Nous, professeurs retraités, prenons ici la relève de nos collègues pour dénoncer cet état de fait, et ce précisément par devoir de loyauté envers l’institution où nous avons œuvré pendant toute notre vie active. En tant que professeurs retraités depuis quelques années seulement, nous sommes révoltés et inquiets d’une telle détérioration des conditions nécessaires au bon fonctionnement de cette institution d’enseignement supérieur qu’est le Collège de Maisonneuve et nous craignons que cela se répercute sur les autres collèges et universités. Ajoutons à cela le fait que le Conseil du Trésor pourrait ne plus reconnaître les diplômes de maîtrise et de doctorat des professeurs de cégeps (Le Devoir du 7 septembre 2013). Est-ce bien ce que nous voulons pour nos intellectuels au Québec : dévaloriser leur rôle et les faire taire ?

Tout compte fait, le règlement concernant l’utilisation des ressources informationnelles du Collège de Maisonneuve, dans la formulation de ses articles et le flou entourant certains termes, institue un climat de peur interdisant les échanges, les discussions libres et, finalement, l’expression publique d’opinions, d’avis ou de critiques.

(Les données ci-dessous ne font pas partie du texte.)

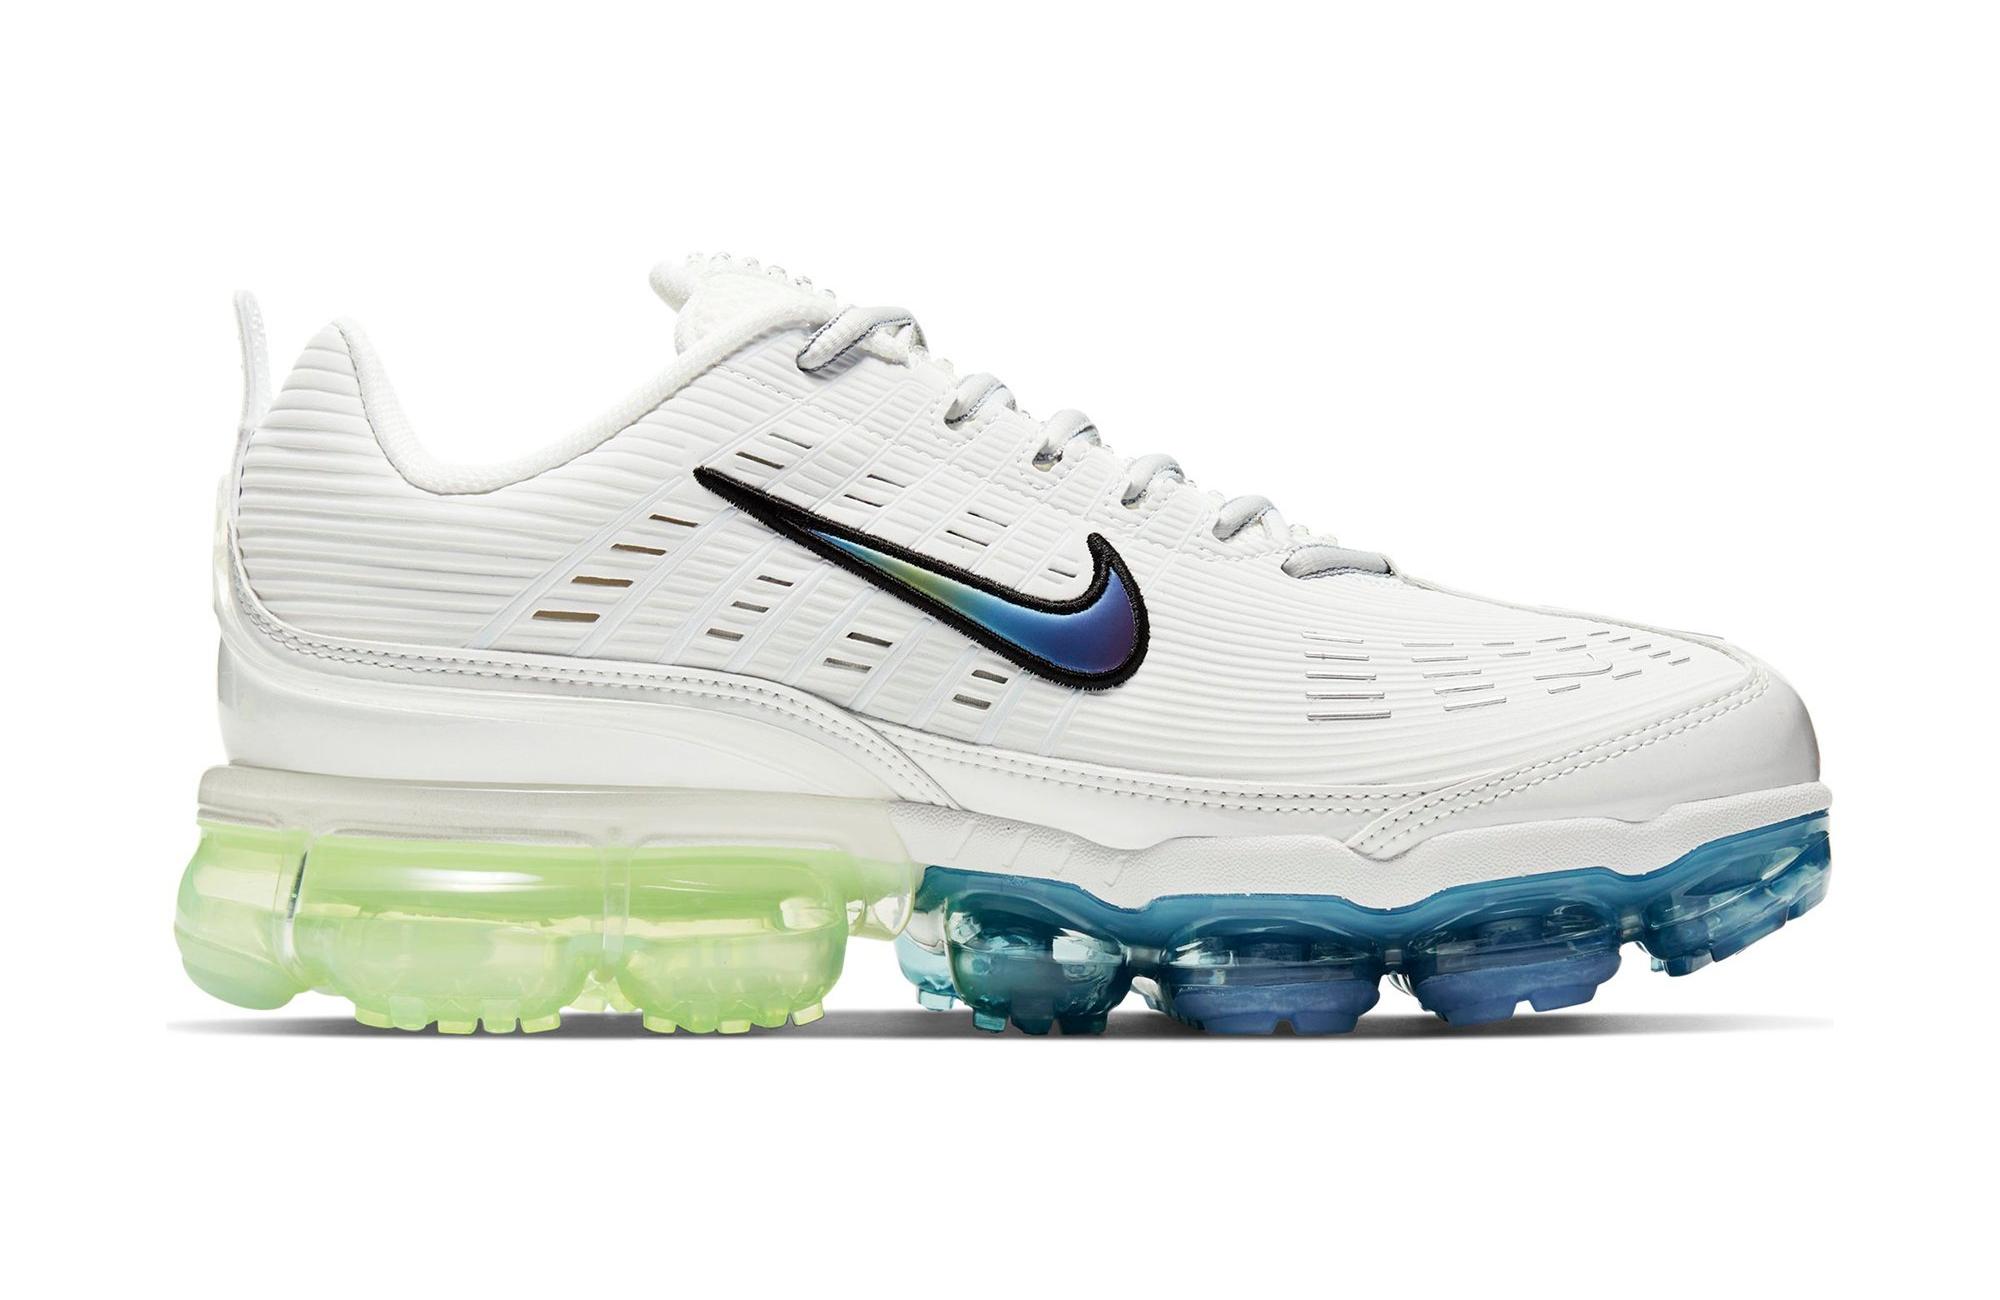 Sneakers Release – Nike Air VaporMax 360 20 “Bubble Pack” Summit White ...

Il ouvre également toute grande la porte aux décisions arbitraires et nos collègues, tout comme leurs étudiants, devront en subir les effets en silence... L’esprit de cette règlementation est en contradiction avec la mission éducative du Collège et les visées ministérielles qui prônent la formation de citoyens à l’esprit ouvert, capables de prendre la parole, d’esprits analytiques, habiles à comprendre les choses complexes, de citoyens libres, curieux, informés qui ont le goût et les compétences de participer aux débats publics.

 Gaston Gour, retraité (philosophie)
 Nicole René, retraitée (techniques de documentation)
 Monique Guy, retraitée (philosophie)
 Marc-Fernand Archambault, retraité (philosophie)
 François Michel Denis, retraité (philosophie)
 Lorraine Bouchard, retraitée (techniques de documentation)
 Sylvie Beaudry, retraitée (français)
 Isabelle Guindon, retraitée (mathématiques)
 Guy Vendette, retraité (philosophie)
 Andrée Guindon, retraitée (mathématiques)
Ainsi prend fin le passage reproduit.